Но может быть, дело было не только в языке «Доктора Живаго»[68]. Может быть, дело было в главной правде, которую жаждал увидеть, но не увидел Солженицын в прославленном романе. «Несмелость коснуться главной правды» относилась и к Паустовскому — апелляции к идеалам революции и социализма сильно снижали градус его речи в защиту Дудинцева. Паустовский виделся писателем-придумщиком, не нашедшим в ХХ веке (в эпоху, когда нельзя было не найти своей темы) ни своего стержня, ни своей темы, ни точки зрения — а значит, и правды. «Несмелостью» был скован и сам Дудинцев, автор будто бы смелого, но слабого романа: после речи Паустовского «недавний триумфатор Дудинцев, встав над трибуной, показался почему-то жалким, его лицо испуганным. Стало ясно, что напугало его только одно — яркое выступление Паустовского. Он невнятно мямлил о том, что предыдущий оратор понял роман не так, он этого не хотел сказать, он не собирался заходить так далеко…» (Г. Корнилова). Да они все, оттепельные писатели, не собирались заходить так далеко. «Ах, эта муть, багряность, алость, / Сиянья всякие в полнеба! / Пусть! Только бы не кровь плескалась — / И нам достаточно вполне бы» (Л. Мартынов).
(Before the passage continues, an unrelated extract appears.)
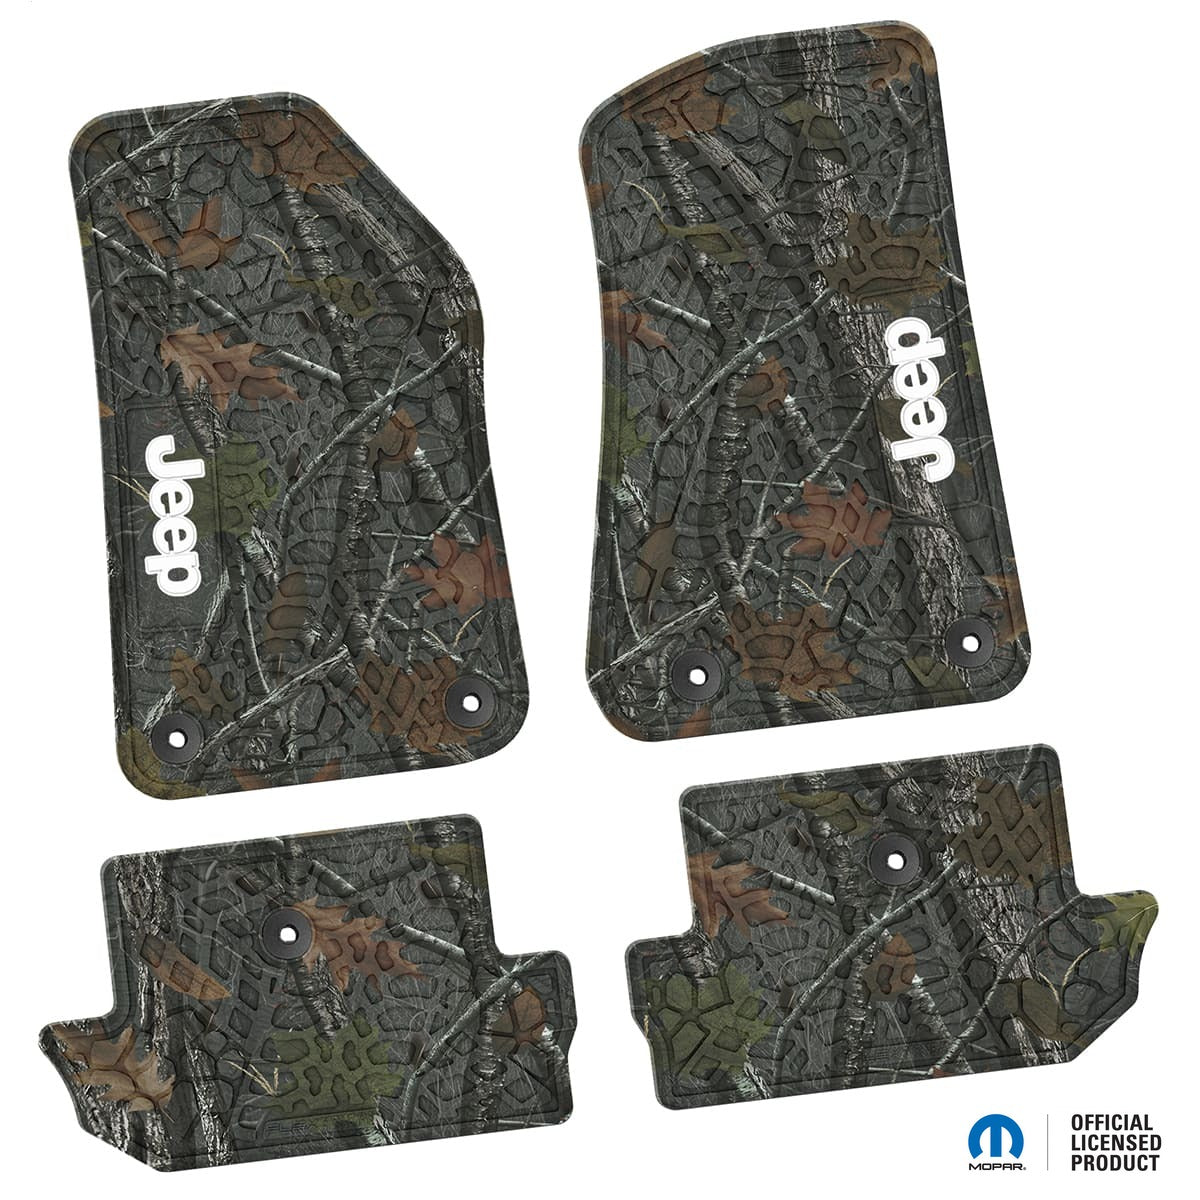 Jeep Floor Mats 18-24 Jeep Wrangler JL 2 Dr 4 Piece Tire Tread/Scorched Earth Scene w/ Jeep Insert - Rugged Woods w/ White insert FlexTread

«Обречённо-ущербным» в глазах Солженицына стало несчастное отречение Пастернака от Нобелевской премии. «И в 1958, рязанским учителем, как же я позавидовал Пастернаку: вот с кем удался задуманный мною жребий. Вот он-то и выполнит это! — сейчас поедет, да как скажет речь, да как напечатает своё остальное, тайное, что невозможно было рискнуть, живя здесь! Ясно, что поездка его — не на три дня. Ясно, что назад его не пустят, да ведь он тем временем весь мир изменит, и нас изменит, — и воротится, но триумфатором! После лагерной выучки я, искренно, ожидать был не способен, чтобы Пастернак избрал иной образ действий, имел цель иную. Я мерил его своими целями, своими мерками — и корчился от стыда за него как за себя: как же можно было испугаться какой-то газетной брани, как же можно было ослабеть перед угрозой высылки, и униженно просить правительство, и бормотать о своих “ошибках и заблуждениях”, “собственной вине”, вложенной в роман, — от собственных мыслей, от своего духа отрекаться — только чтоб не выслали?? И “славное настоящее”, и “гордость за то время, в которое живу”, и, конечно, “светлая вера в общее будущее”, — и это не в провинциальном университете профессора секут, но — на весь мир наш нобелевский лауреат? Не-ет, мы безнадёжны!..»
Жёстко и бескомпромиссно судил никому не известный Солженицын поэта-нобелевца. Трусливые московские литераторы, за совсем малым исключением, требовали от властей изгнать Пастернака из страны, а он, отчаявшись ждать от лауреата подвига, упрекал его в слабости и малодушии. Оправданий не было — «перевеса привязанностей над долгом я и с юности простить и понять не мог, а тем более озвенелым зэком».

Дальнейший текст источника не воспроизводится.